User authentication for remote users that provides more secure and less intrusive access to corporate resources.
Security roadblocks to prevent protocol-based attacks, such as the Ping of Death and TCP SYN floods.

On top of all that, firewall vendors are integrating into their products network edge functions, such as Web page caching, virtual private networks and bandwidth management.

We invited more than a dozen vendors into our lab for testing as part of this Buyer's Guide to firewalls. Eight accepted, and of those, we found two that stood out. Check Point Soft-ware's FireWall-1 won our Blue Ribbon on the strength of its sheer breadth of features that make it a good fit in diverse enterprise networks. CyberGuard Corp.'s CyberGuard Firewall, free of its former proprietary hardware platform, is also very impressive. It has most of the features of Firewall-1, plus a variety of security features built into its operating system that should suit people who are as worried about internal security as they are about external security.

Also praiseworthy is Cisco Systems, Inc.'s PIX, which has a robust simplicity that should be attractive to network managers who want to control access and need little else.

Meanwhile, a couple of newcomers have strong entries. Watchguard Technologies, Inc.'s Watchguard Security System and NetGuard, Inc.'s Guardian both are worth evaluating. Each goes beyond our top-rated choices in one or two ways. Though slightly immature, they have the potential to be strong competitors.

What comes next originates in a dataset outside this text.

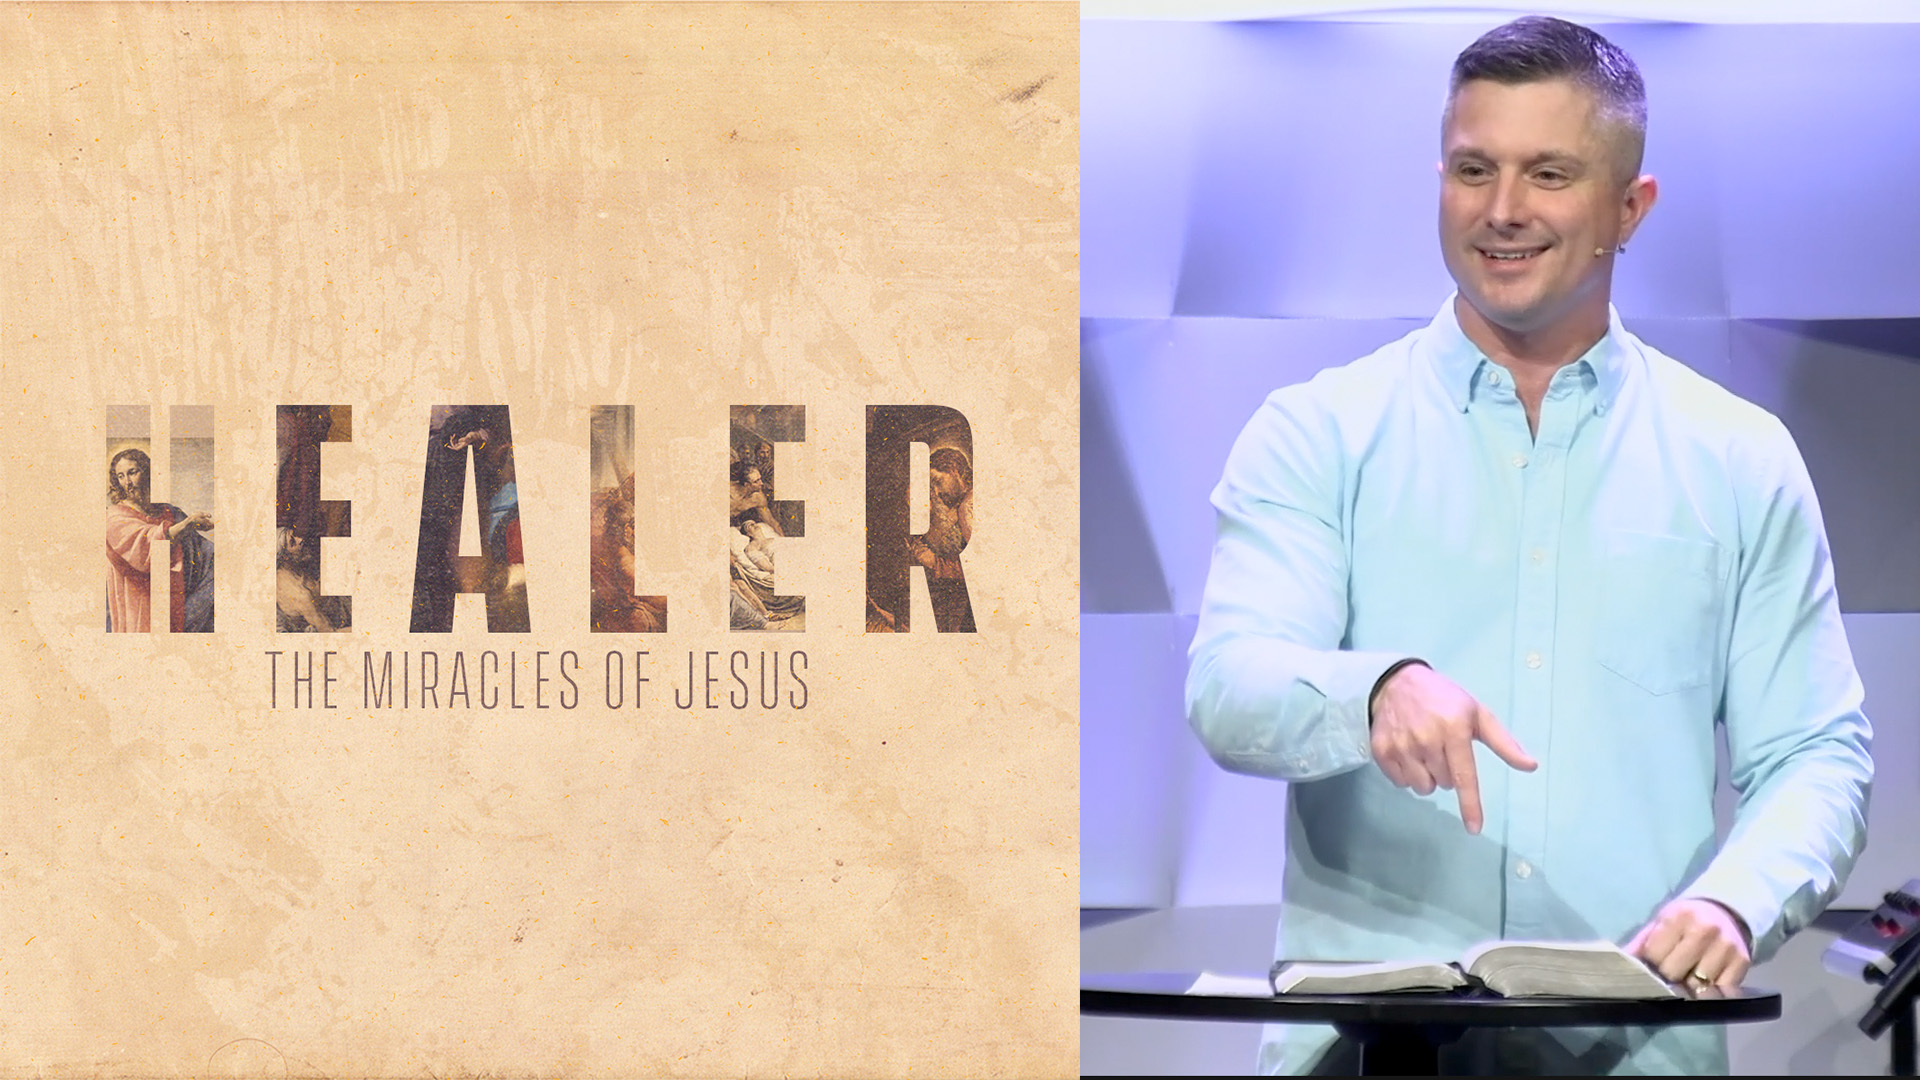 Healer - The Miracles of Jesus

Ukiah Software, Inc.'s NetRoad FireWALL for Windows NT, Elron Software, Inc.'s Elron Firewall/Secure 32OS and Microsoft Corp.'s Proxy Server (which the company touts as a firewall) all had strong points, particularly for small networks, but enterprise-minded network managers may find them too limiting and inflexible.

Configuration counts

Getting started with a firewall requires an intuitive configuration utility. Without one, you may be inclined to put off the inevitably necessary configuration changes. While early firewalls were a pastiche of tools and utilities, a common goal of vendors today is a single unified interface that provides a clean window into the health, status and configuration of the firewall. The best products take into account the fact that the firewall interface is used infrequently, meaning online documentation and assistance is vital.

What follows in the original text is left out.